Dataset extract:
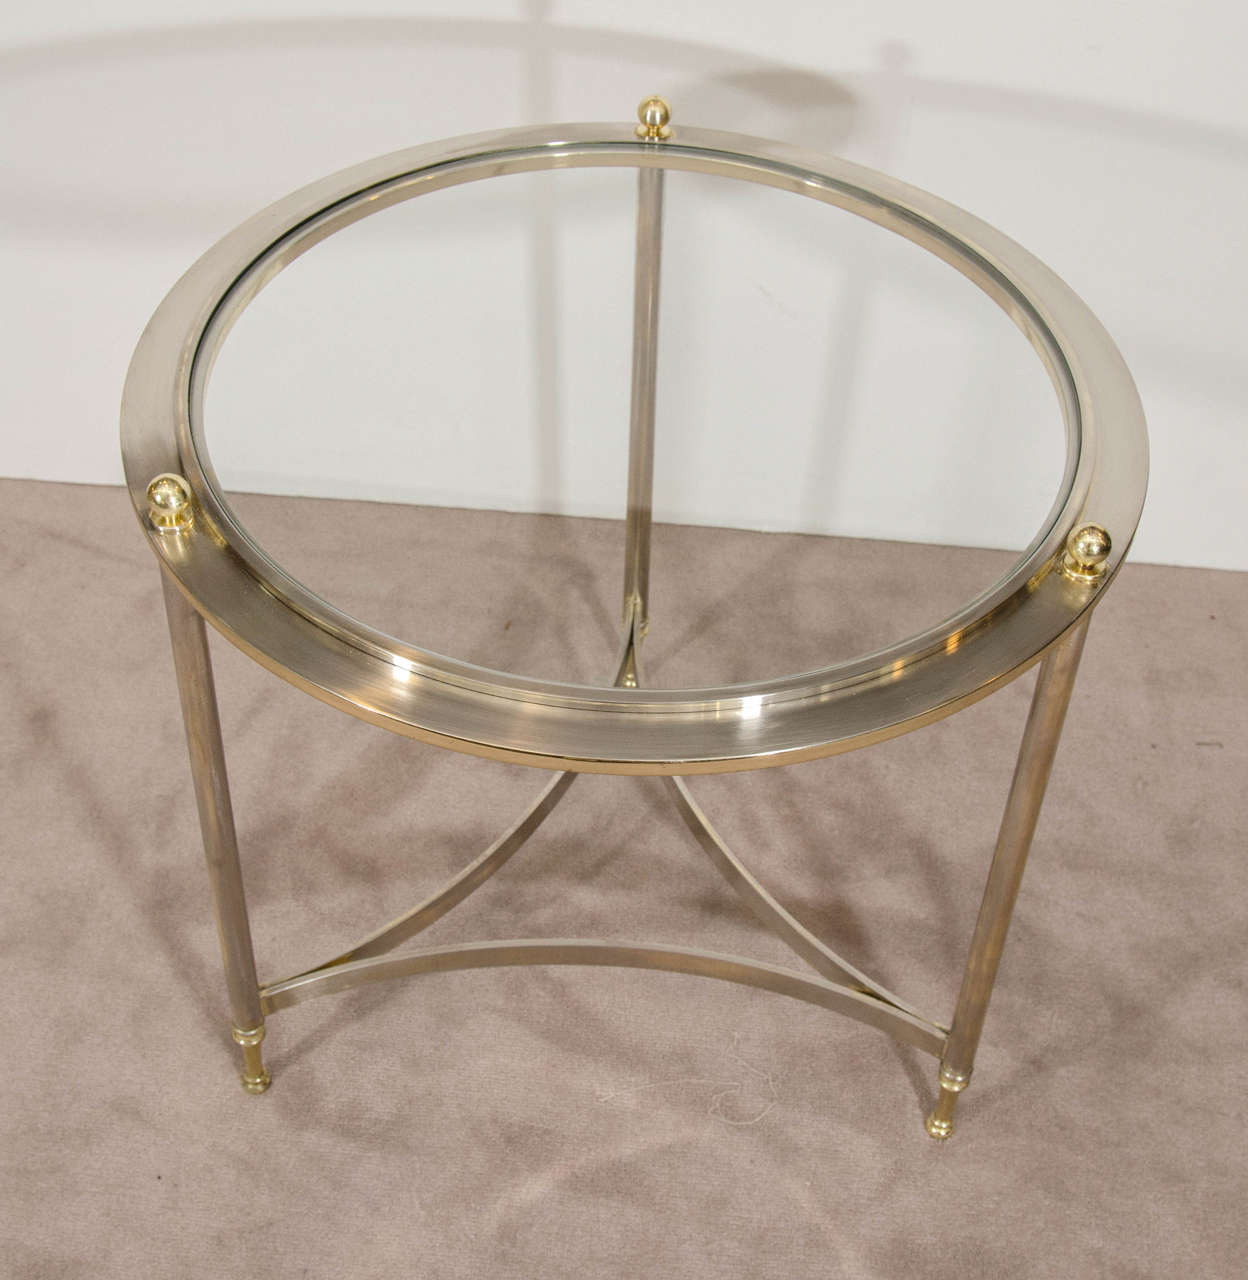 20th Century Midcentury Round Steel Table with Brass Accents by Design Institute of America
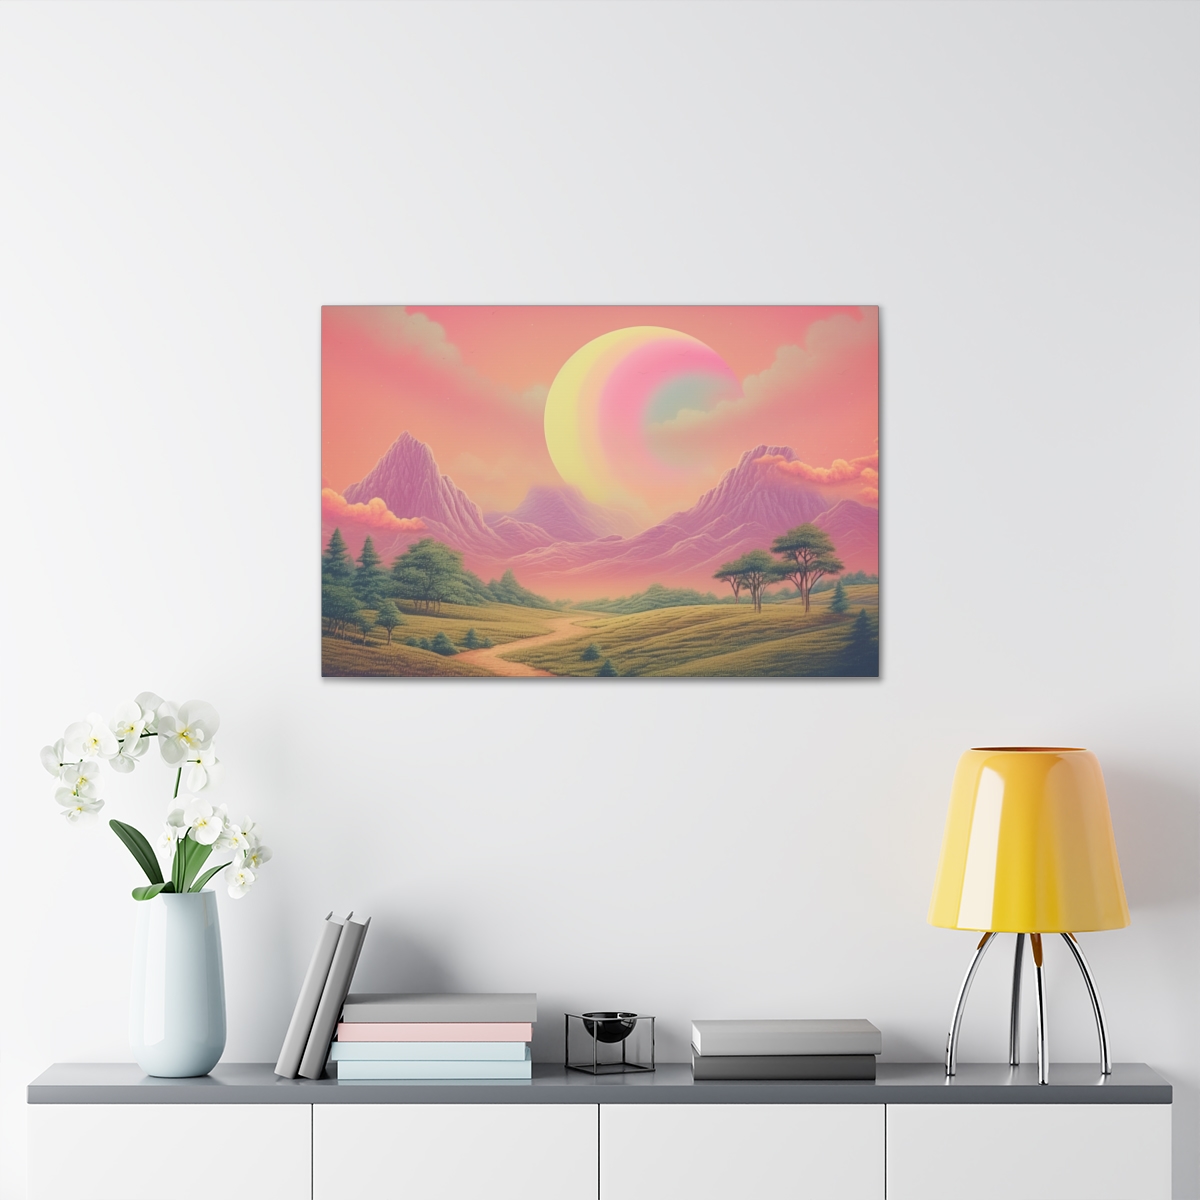 Ethereal Art: Mountains Of Dreams
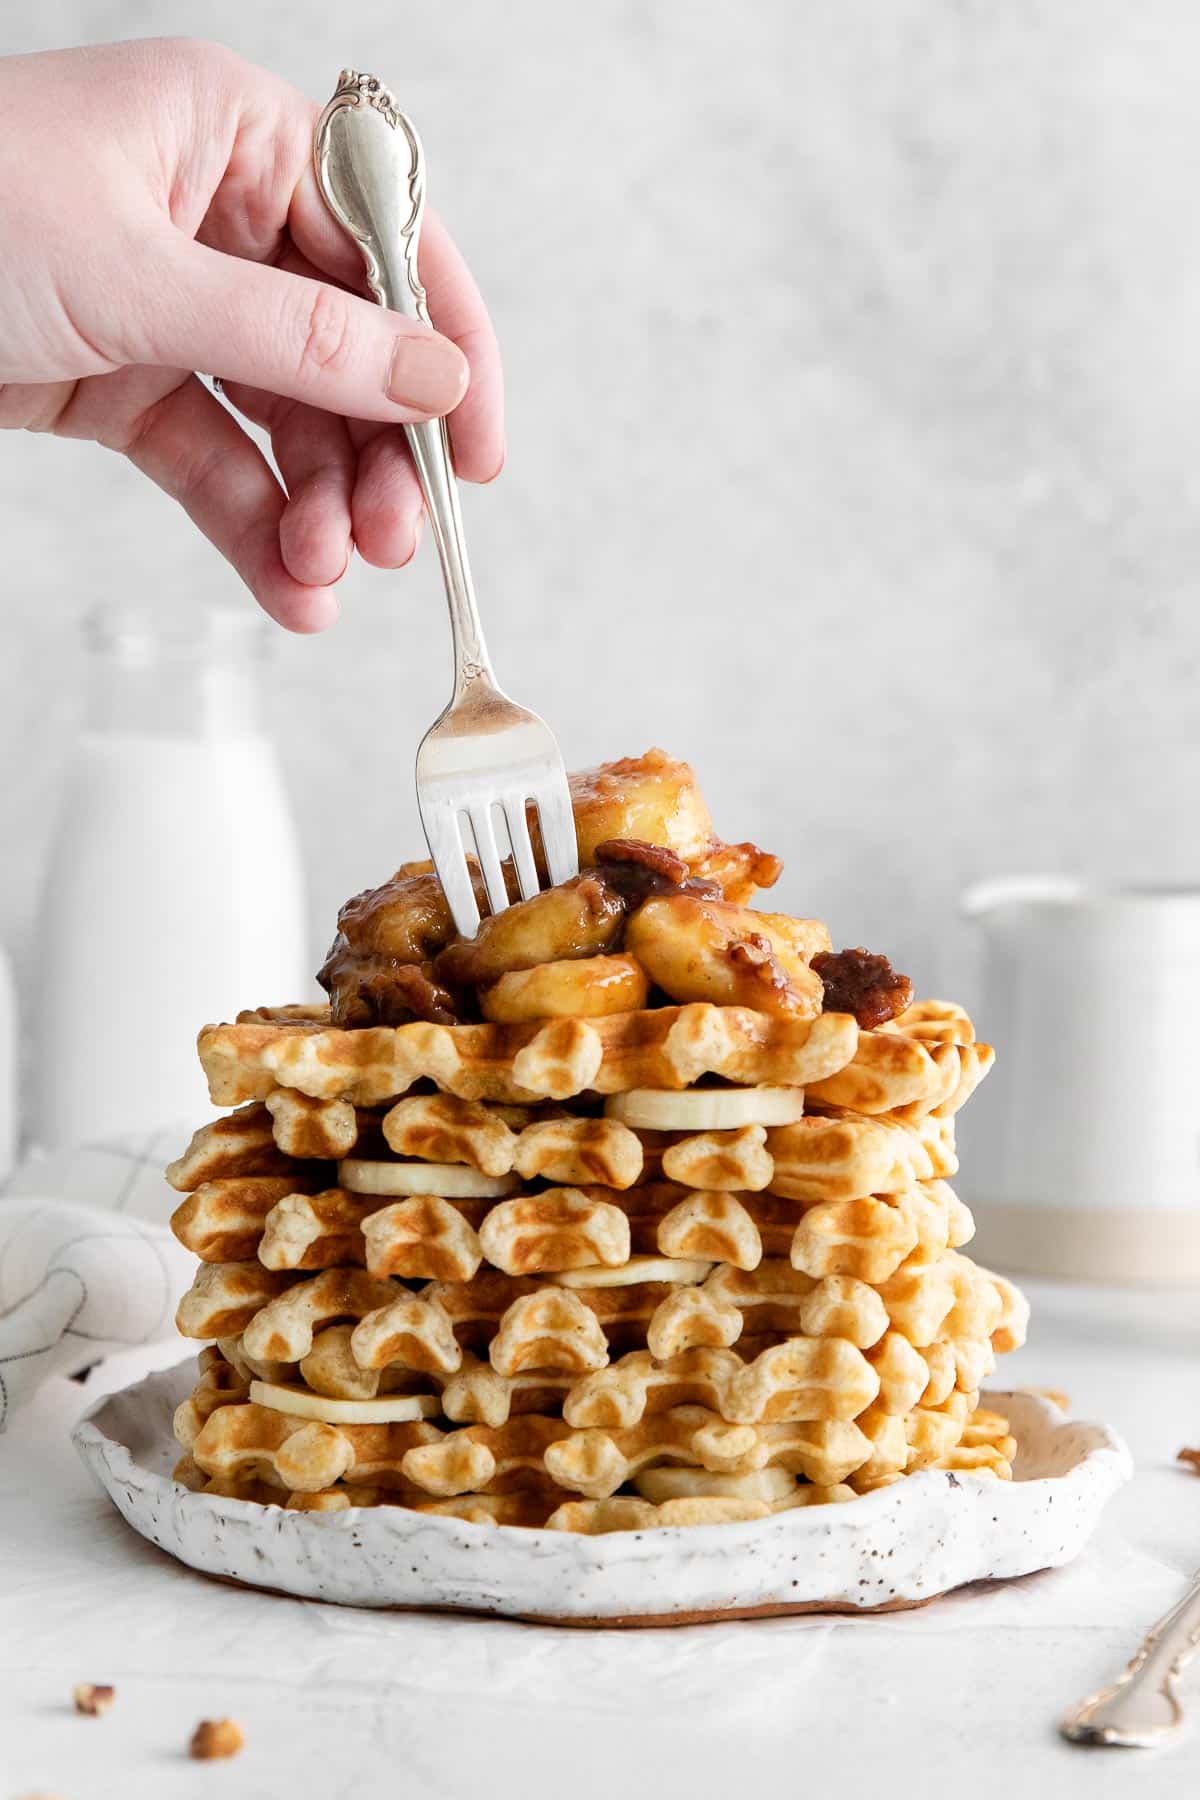 stack of waffles with bananas foster topping.
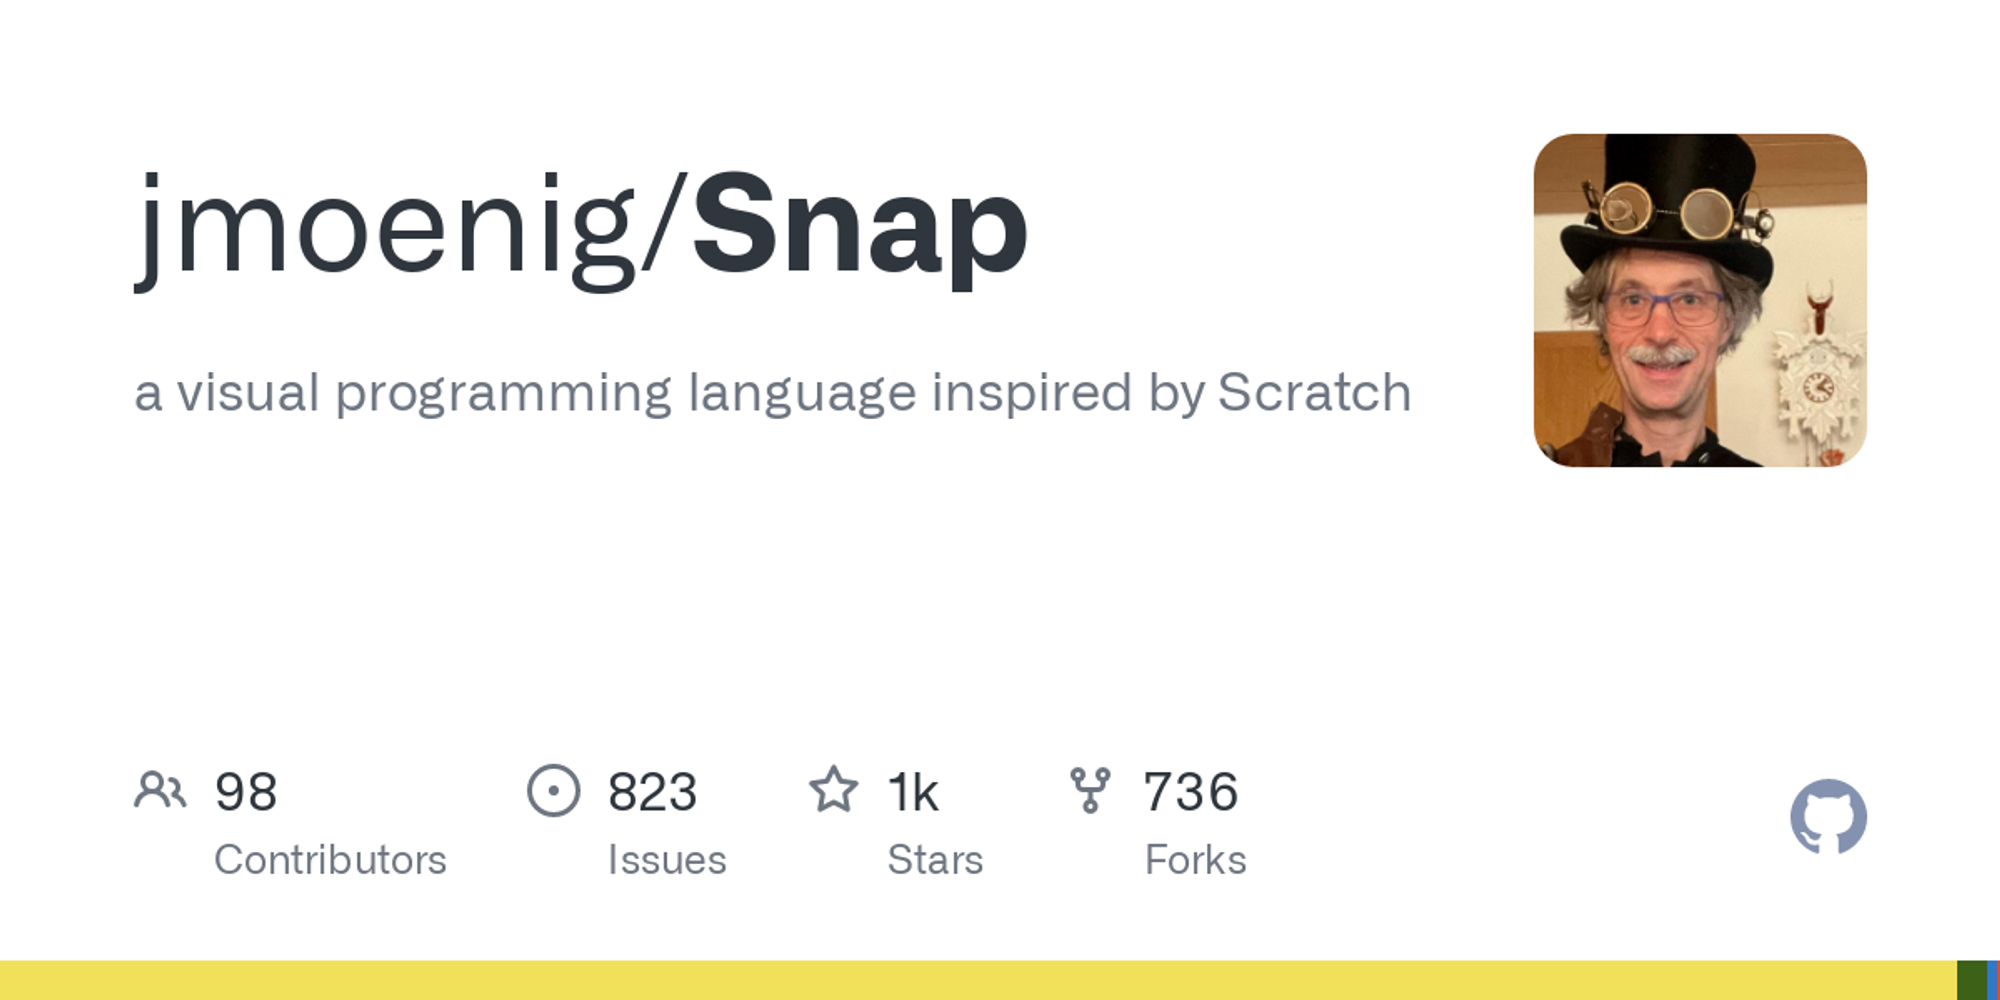 GitHub - jmoenig/Snap: a visual programming language inspired by Scratch

Problem to solve:
Leave every image out, and retype the material exactly.

Your response:
 20th Century Midcentury Round Steel Table with Brass Accents by Design Institute of America
 Ethereal Art: Mountains Of Dreams
 stack of waffles with bananas foster topping.
 GitHub - jmoenig/Snap: a visual programming language inspired by Scratch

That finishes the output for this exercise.